- [Task]
Return all of the data verbatim, dropping any picture.

- [Provided material]
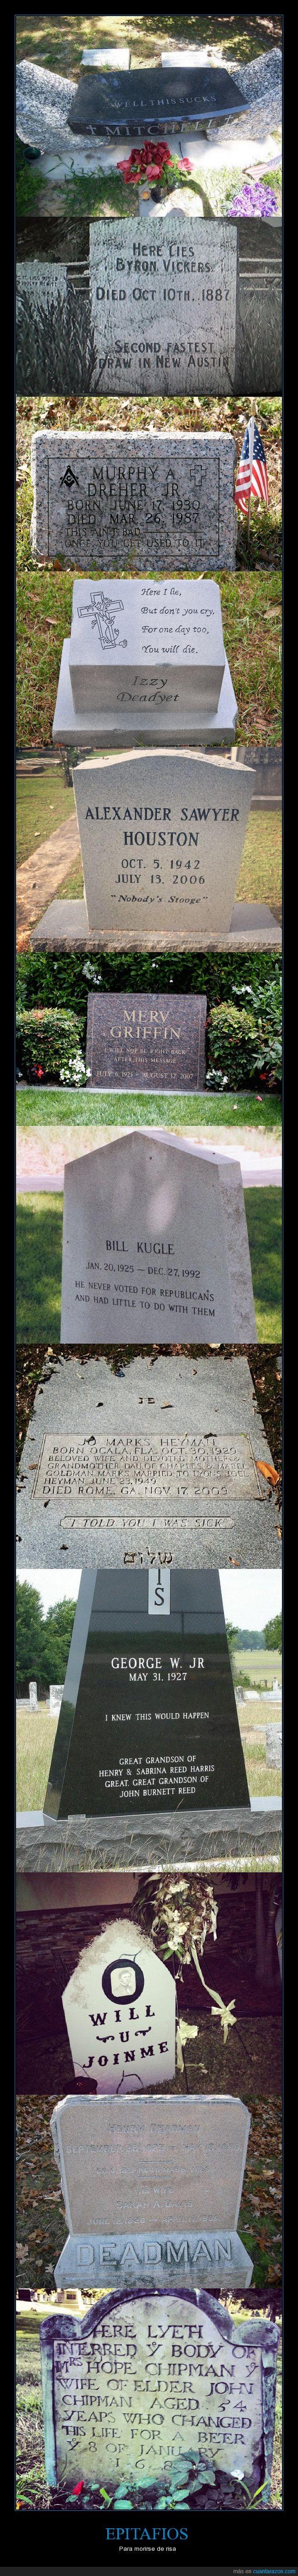 cementerio,epitafios,inglés,morir,muerte,risa,tumba
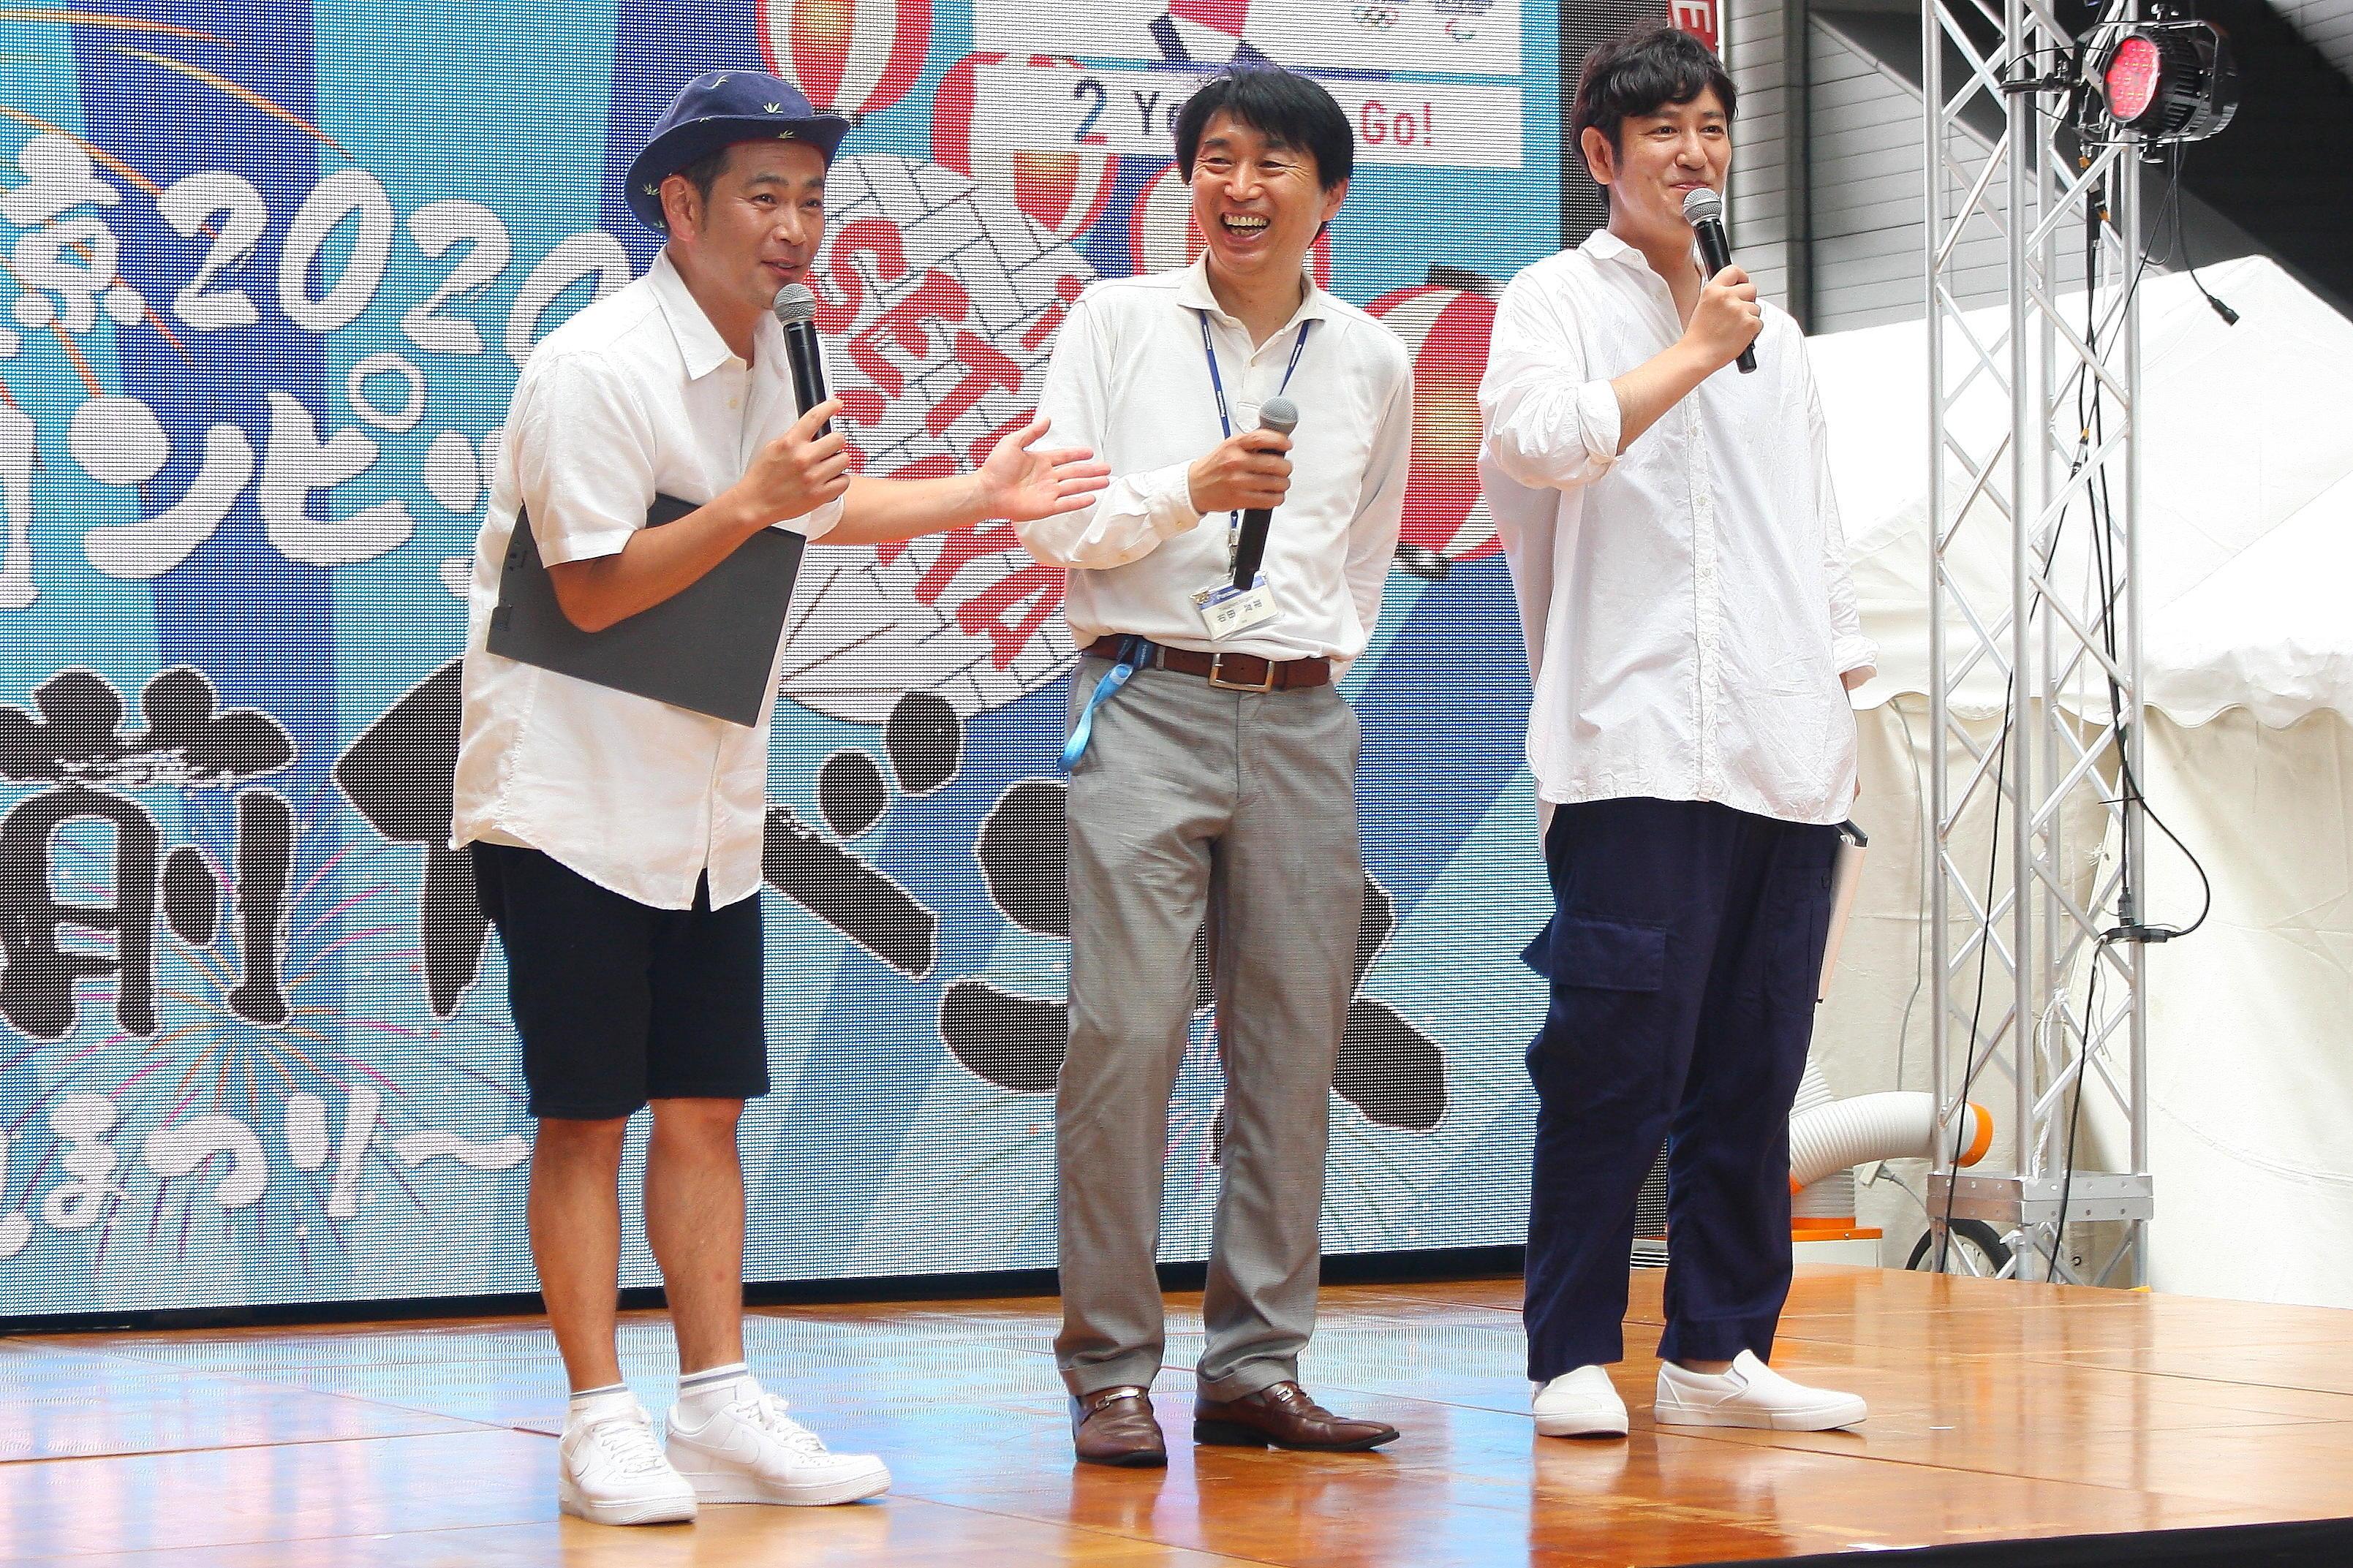 http://news.yoshimoto.co.jp/20180730143308-1f4488e16ee66af9936fd123c061fdaae4270a86.jpg
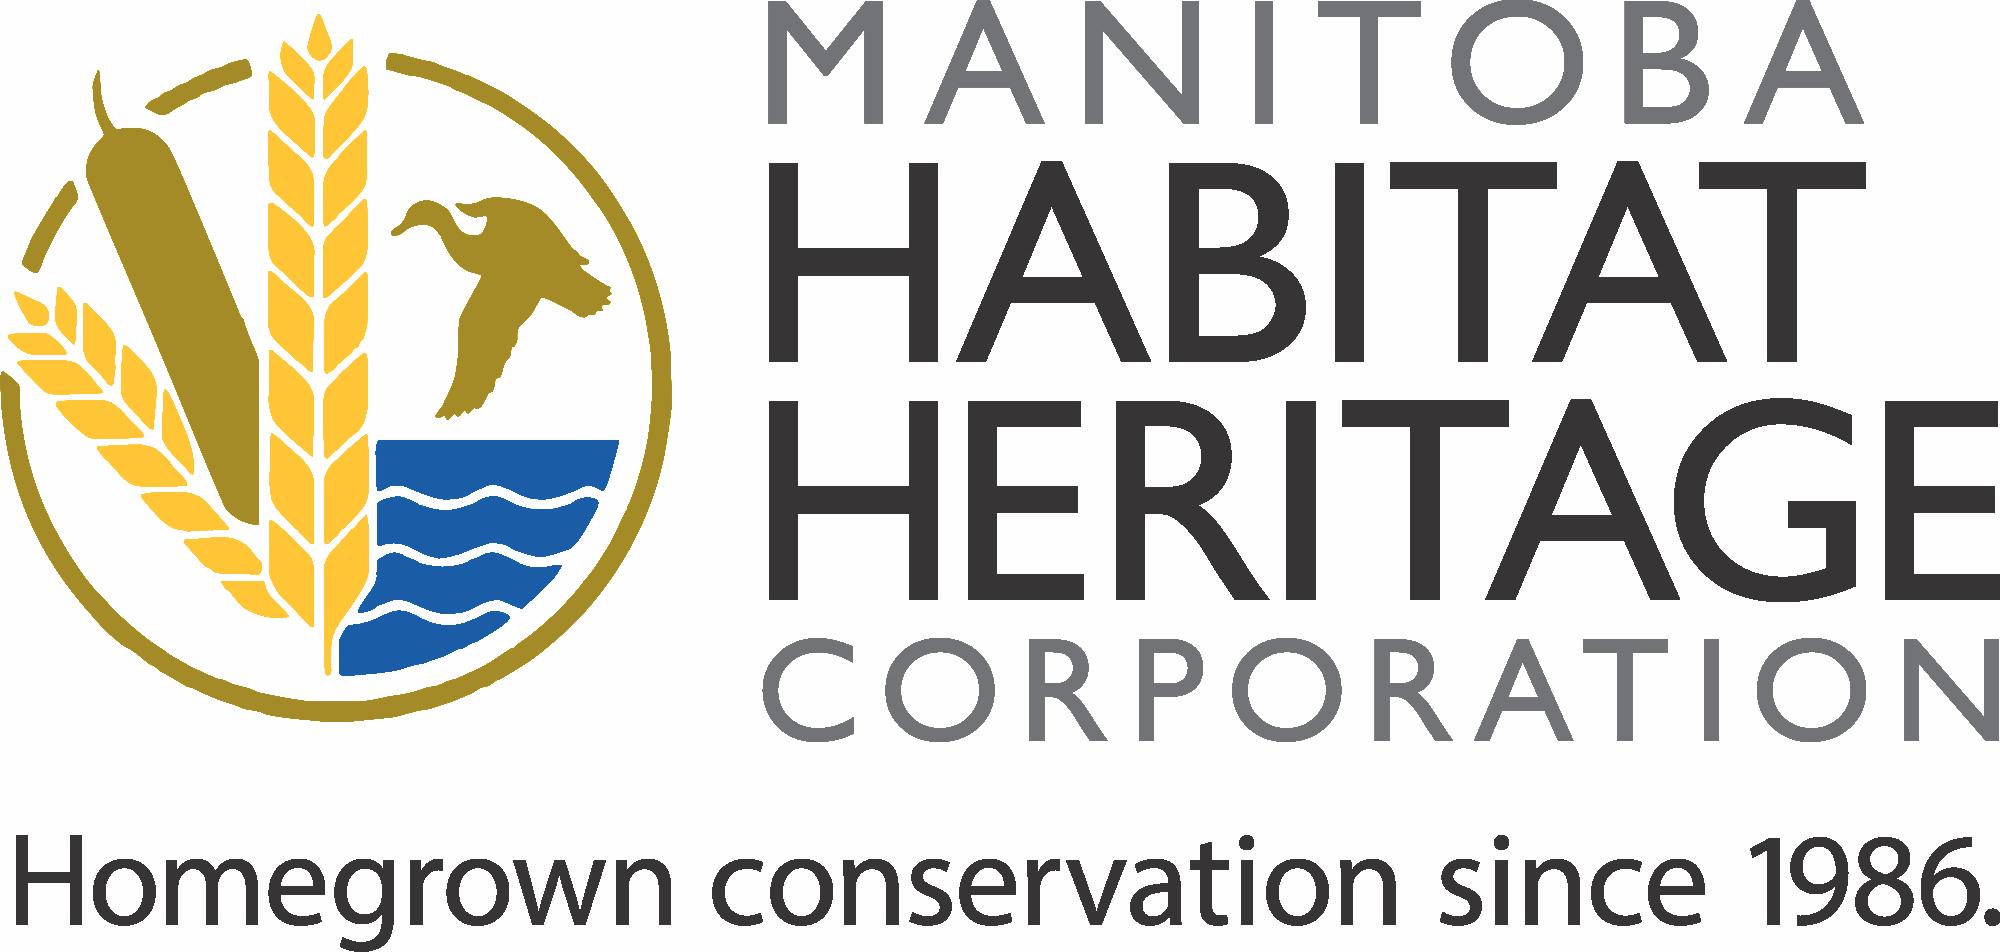 Manitoba Habitat Heritage Corporation

- [Result]
 cementerio,epitafios,inglés,morir,muerte,risa,tumba
 http://news.yoshimoto.co.jp/20180730143308-1f4488e16ee66af9936fd123c061fdaae4270a86.jpg
 Manitoba Habitat Heritage Corporation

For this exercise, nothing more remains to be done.